"Я не знаю, имеешь ли ты право судить меня - ты вот о пути пишешь. Коля наивный, милый, умный и маленький (я все время чувствовала себя старше его) тут долго и старательно объяснял мне, что путь, которым я иду, - не мой путь, да и вообще никакой не путь. Нет, мой путь - путь правильный, но только не мой, а объяснять мне это незачем, я и сама знаю. Он и сам по себе тяжел, а так как он не мой - он вдвойне тяжел, каждая секунда мучительна… Можешь судить меня сурово или мягко, как хочешь, как подсказывает тебе сердце и твой собственный ясный и попавший "в точку" (а потому и счастливый) - путь, но лучше бы не судить совсем".
На этом "не моем пути" надсада: Нестеров, высокий чин в местном, саратовском управлении ГПУ, ведавший нами, ссыльными, повадился вызывать меня к себе срочно, повесткой с нарочным. Перелистывал при мне мое "дело" (оно прибыло из Ленинграда вслед за мной в Саратов) и задавал вопросы - те самые, на которые я уже десятки раз отвечала или не отвечала во время ленинградского следствия. Это был молодой человек лет тридцати пяти, щеголеватый, красивый, в вышитой, выглаженной украинской рубашке, весь пропахший одеколоном. Опять: "кто составлял листовку?"; опять: "собрание на Васильевском острове". Я не сразу сообразила, что он попросту тяжело обременен безделием и ему охота разглядеть, что это за птица - ленинградская барышня с такой известной фамилией?

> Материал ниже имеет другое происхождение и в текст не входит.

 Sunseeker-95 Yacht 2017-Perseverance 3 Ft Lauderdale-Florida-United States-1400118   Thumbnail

Новых вопросов - тех, каких я боялась (например, о новых моих саратовских знакомых), он поначалу не задавал.
Мои опекуны - ссыльные - посоветовали не быть овцой и ответить резко.

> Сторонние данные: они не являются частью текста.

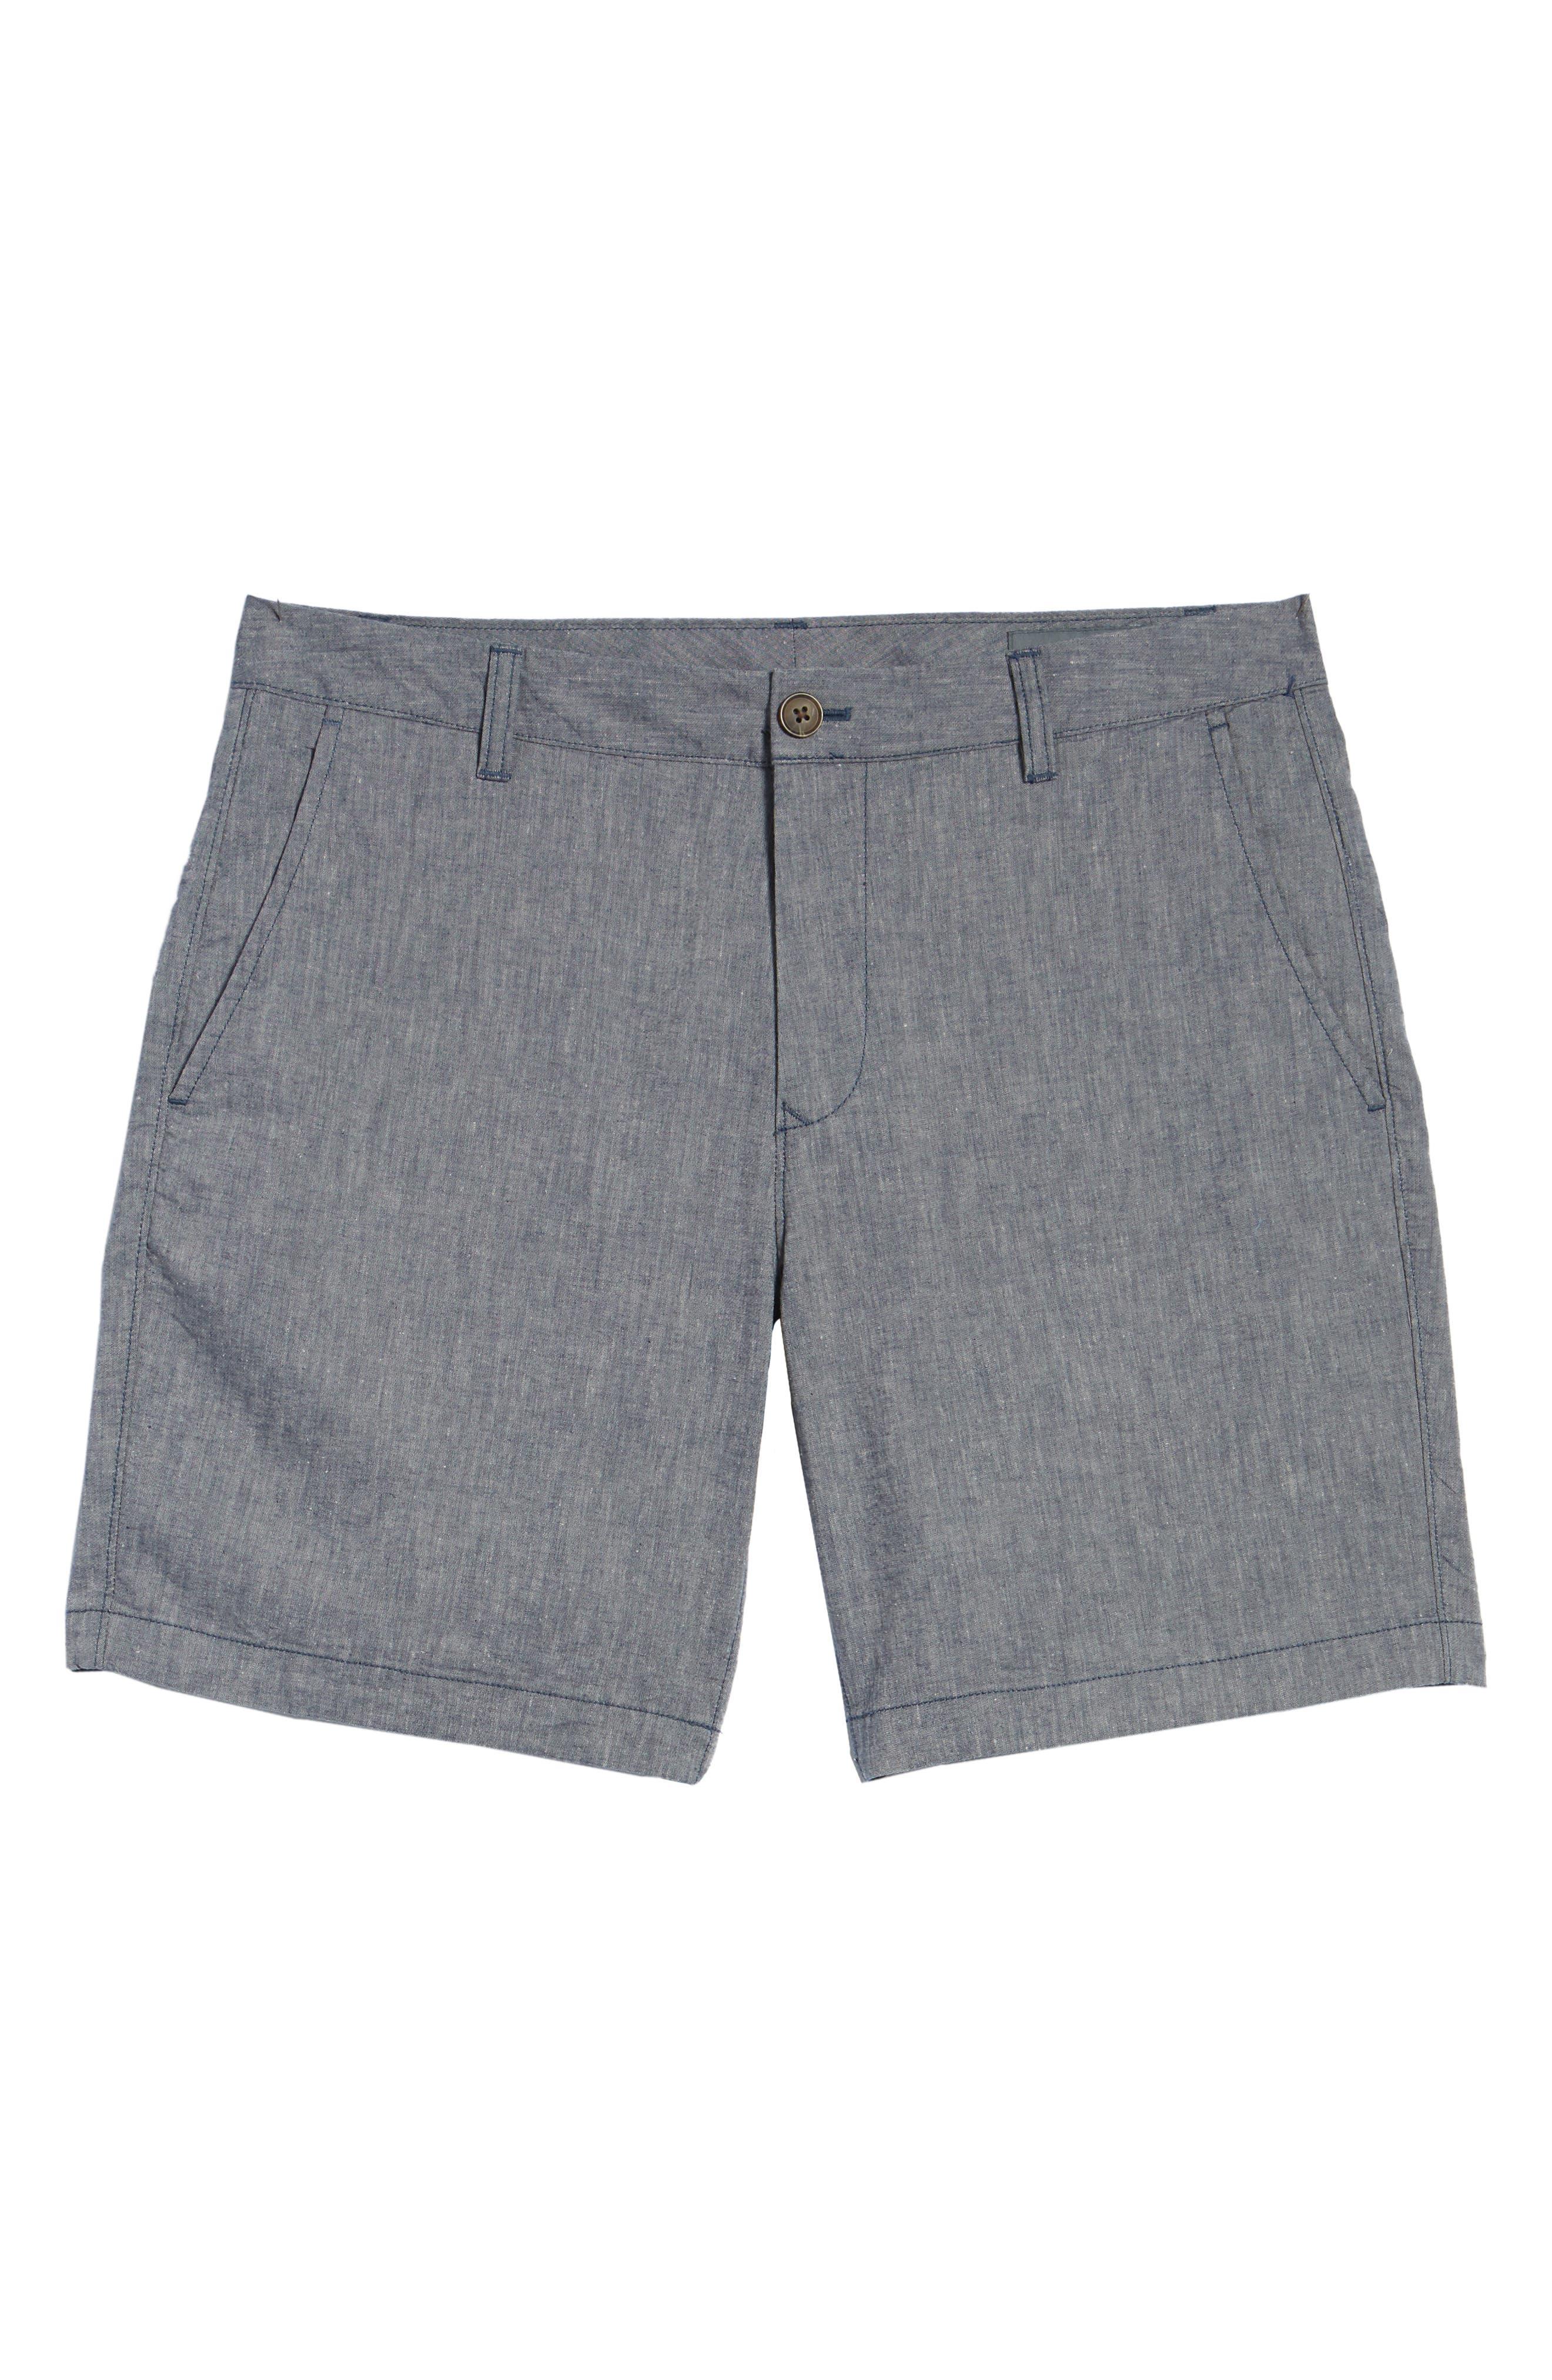 Novelty Chino Shorts,                             Alternate thumbnail 6, color,

- Простите, - сказала я, вызванная курьером в четвертый раз, - но ведь я вот уже полгода отбываю наказание, стало быть, следствие по моему делу давно окончено. Почему же вы начинаете его сызнова?
- Вы, кажется, собираетесь допрашивать меня? - с наигранной надменностью ответил Нестеров, но до времени вызовы прекратил.
…Где же и как я жила? В разное время по-разному. Меня выручали ссыльные - из тех, кто, подобно мне, ходил "отмечаться" в ГПУ каждый понедельник. Тут мы и перезнакомились.
В дружбу и в единомыслие знакомство не перешло. Эти благородные люди по-своему меня оберегали: я была среди них самая молодая. Оберегая, помогали - но вряд ли полюбили меня, как и я, принимая наставления и помощь и стараясь не спорить и слушаться, душевно с ними не сошлась.
Поначалу пригласили меня к себе, сразу по приезде, когда не было у меня ни жилья, ни адреса, муж и жена, снимавшие избу на спуске к Волге. Изба не отапливалась, там стоял такой мороз, что к утру внутренние щели между бревнами затягивало ледком. Спала я на топчане, завернувшись в пальто и клала на ноги, в качестве дополнительного обогревателя, кошку. Ночуя у этих полуголодных людей (левые эсеры, им уж совсем не давали работать), я целыми днями бегала по городу в поисках жилья, и наконец в центре города, на Большой Казачьей, семья Афруткиных (вдова с двумя дочерьми) согласилась сдать мне угол: стол, стул и кровать в комнате, где жила младшая четырнадцатилетняя дочь.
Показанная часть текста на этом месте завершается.